The blues can still be a music of compelling intimacy. Richard Cook hears living proof in the work of Kelly Joe Phelps
It's a commonplace that most contemporary music feels cleaned, remote, deliberately placed at a great remove from the listener. What with supertech recording, untouchable artists and a brutally efficient music business to serve them, no wonder most of us feel very distant from most of the music we hear. The whole idea of a "roots" music is in some measure a response to that, a cadre of performers and listeners in an unspoken conspiracy to return the power of music to its basics. Blues is one of its purest and strangest survivals. Unfashionable for decades, despite the respectful stardom accorded to such survivors as John Lee Hooker, the style - with its folksy front and deep, dark underpinnings - is harsh and immutable. When I first heard men like Skip James and Charley Patton and Ramblin' Thomas, I felt as if I was listening to musicians from another world. Captured on dusty recordings, speaking an alien language, they felt like masters of a manner one could only look in on and wonder at. What on earth was a "killin' floor", and why was it a "hard time"?
It's a feeling which is difficult to shake off, no matter how familiar the motifs and accents of the idiom have become. Yet some modern performers can tap into the dialect and make it at least something like their own. Listening to the sparse and unadorned music of Kelly Joe Phelps on Roll Away the Stone (Rykodisc), one is first struck by how unlikely a player he is. A young white man from Portland, Oregon, Phelps plays as if he is helplessly immersed in a music which should have little to do with his own background. When he tackles a Mississippi blues staple such as "See That My Grave Is Kept Clean", or constructs his own authenticity out of "Sail the Jordan", he might be stepping off a street musician's gig and into his own living-room, recording for the field scouts who set down much of the original country blues on record (and the album was, in fact, cut in his own apartment, "between airplane take-offs and police sirens").
He plays six- and 12-string guitars, sometimes on his lap, in a manner which is undemonstrative yet as fluid and natural as his many predecessors. Though much of what he does is in the supposedly strict 12-bar format, he toys carelessly with the way the game is played and creates his own time and space out of the customary rules. "Hosanna", for instance, goes on for almost nine minutes, a dream-like improvisation that could as easily have carried on for a further nine. The timelessness of the music is its most singular quality. There seems no beginning or end to a delivery which approximates the stance of a man sitting and thinking out loud. His whispery vocals have an apologetic quality, as if he regrets troubling a passer-by.
Phelps can play with fantastic dexterity, but most of the time he prefers to use no more of his technique than he has to, a restraint that is endemic to his chosen ground.
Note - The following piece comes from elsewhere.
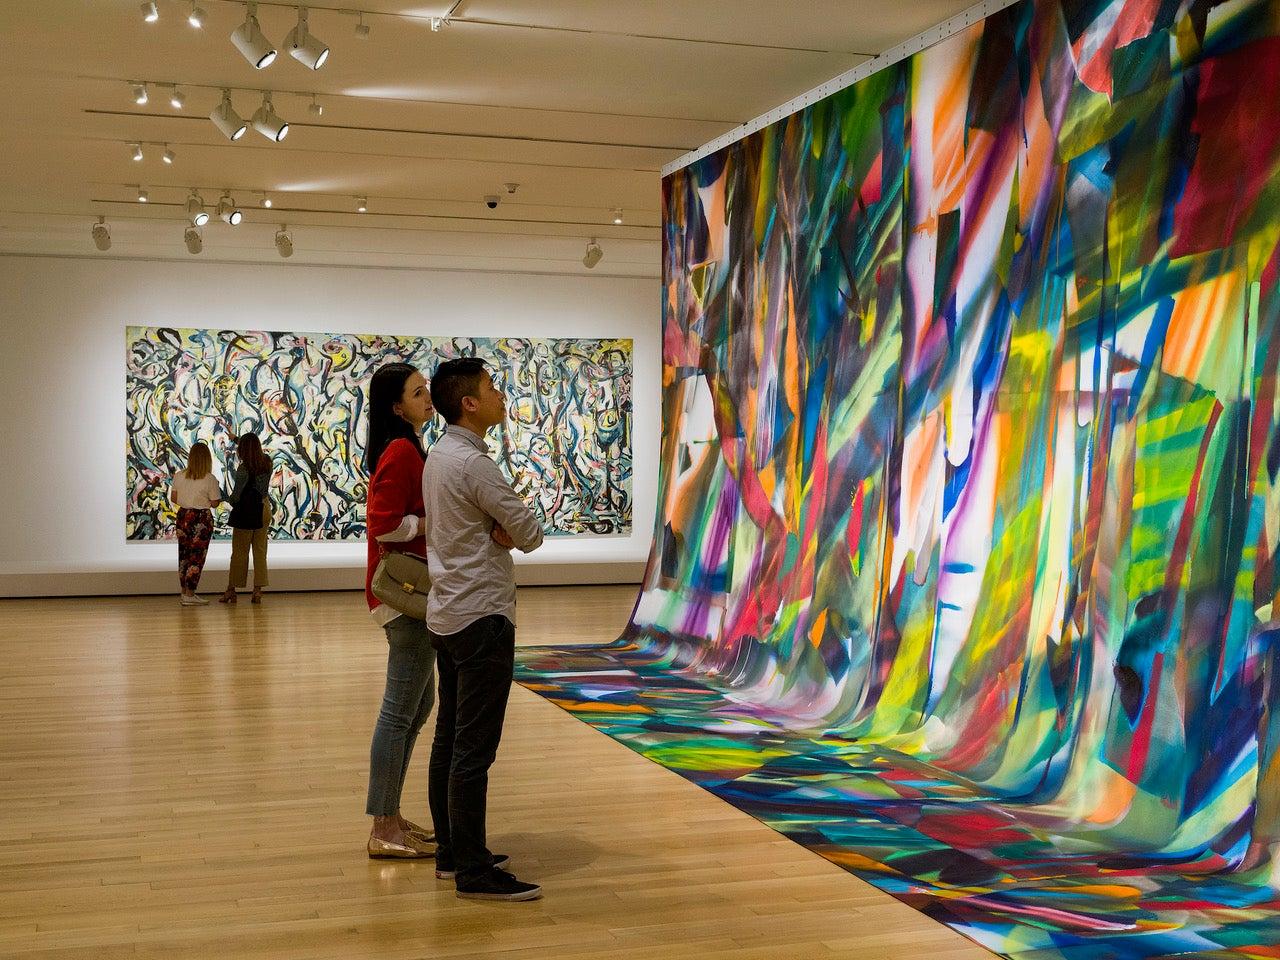 Mural: Jackson Pollock | Katharina Grosse

For all his accomplishment, the bluesman he most reminds me of is Mississippi John Hurt, the gentle, almost beatific songster who became a coffee-house favourite in the early 1960s. Hurt was originally recorded as far back as 1928 before disappearing for decades until his rediscovery. Phelps sings in the same conversational timbre and unassuming tone that suggests the elemental communication which might be the most powerful gift of the blues: a sensation that the performer is speaking directly to the listener, an intimacy that can seem almost frighteningly close. Phelps has so far eluded much press comment, and perhaps he's best heard without the excessive hagiography that attends every new discovery. In a way, the simple, bottomless music he creates asks to be nameless.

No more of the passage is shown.